The National Higher Education Entrance Examination, called the Gaokao, is a grueling two-day, nine-hour test famed for its difficulty. One’s score on the test is by far the most important factor in university admissions, meaning success or failure is often the difference between a successful professional career and a life of menial labor. Over nine millions students take the test each year, and because of its high importance it’s unsurprising there are many efforts to cheat on it.

Over time, cheating has evolved far beyond simple individual stunts like hiding a few notes on one’s person. Now, cheating is a group effort, and crosses over into full-blown government corruption. In 2015, for instance, 42 people in Jiangxi Province, including 22 government officials, were caught organizing a major cheating effort.

Officials have used increasingly complex methods to detect and stop cheating, with Henan Province officialsdeploying a drone to catch cheaters last year. To keep completed tests secure against tampering, Beijing is having them escorted by a SWAT team.

Now, officials are also looking to stop cheating by drastically upping punishments. Thanks to a law created last fall, which officials say they plan to seriously enforce, cheating on the Gaokao is now a criminal offense as well as an academic one. The maximum penalty is seven years behind bars, and offenders will also be barred from taking the test for three years, effectively barring them from university.

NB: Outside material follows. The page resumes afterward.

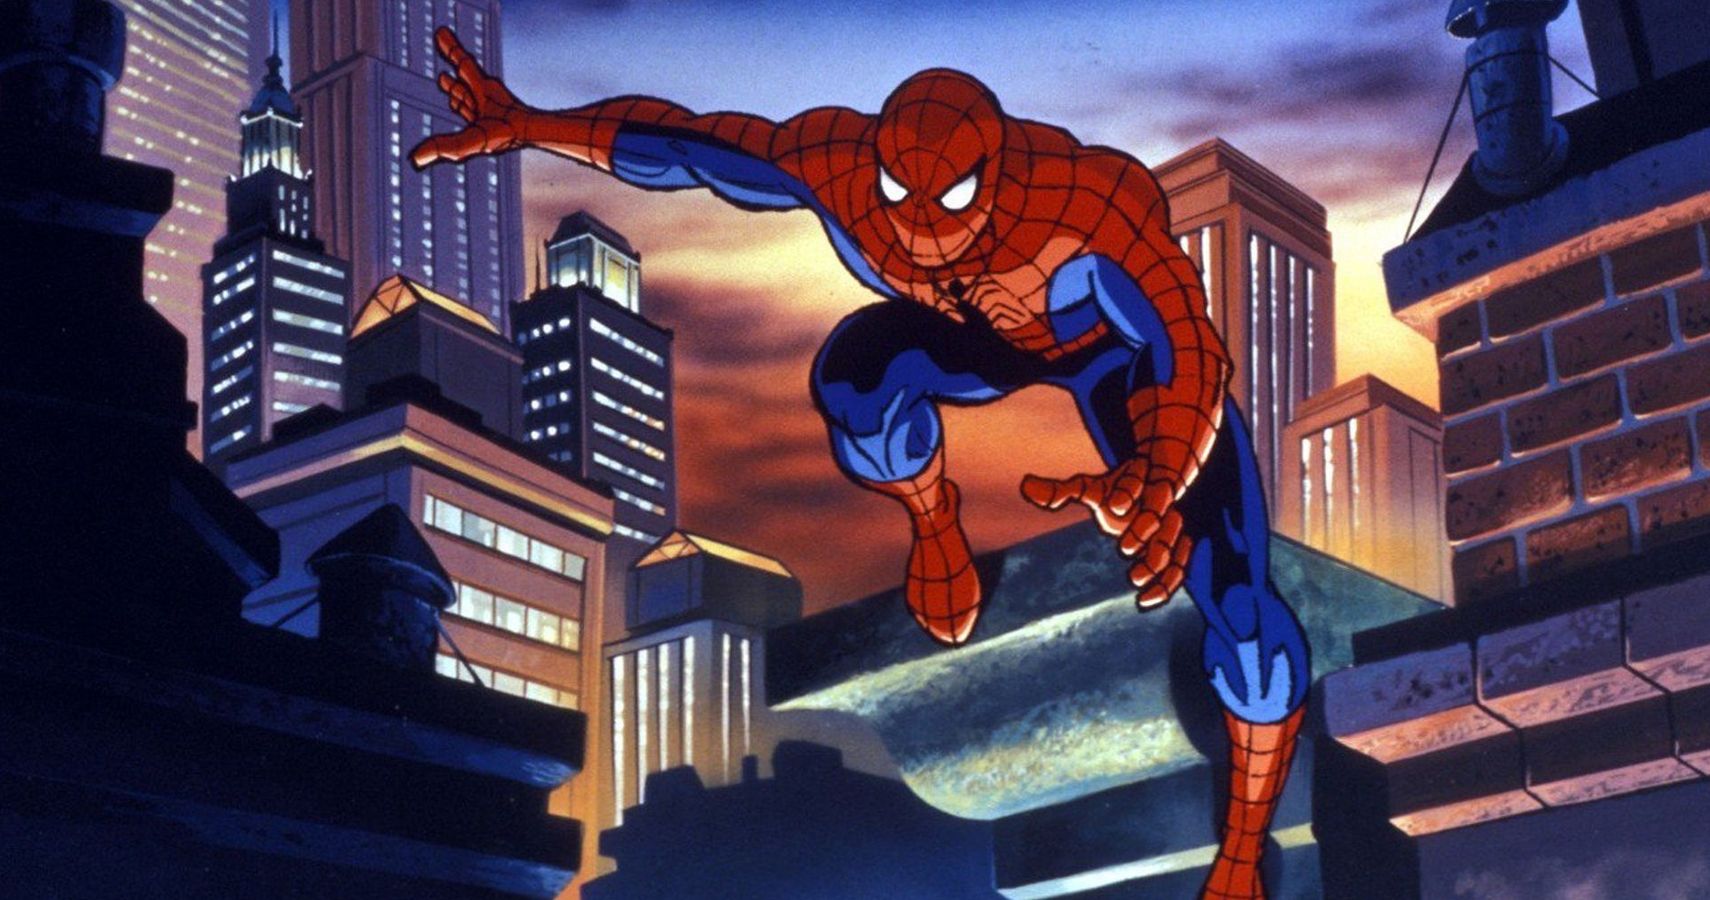 The '90s Animated Spider-Man Series: 5 Things That Have Aged Badly (& 5

“Safeguarding fairness in the gaokao and education in general is the baseline for China to maintain social justice,” Chinese think tank head Xing Bingqi told the Global Times, a Chinese state-run newspaper. Performing well on the test is a means of social mobility for China’s poorer families, he said, making it critical to stop cheating by wealthier families with government connections.

Already, police have made 170 arrests for test-related offenses, the Global Times reported. Whether any of them will earn the most severe penalty remains to be seen.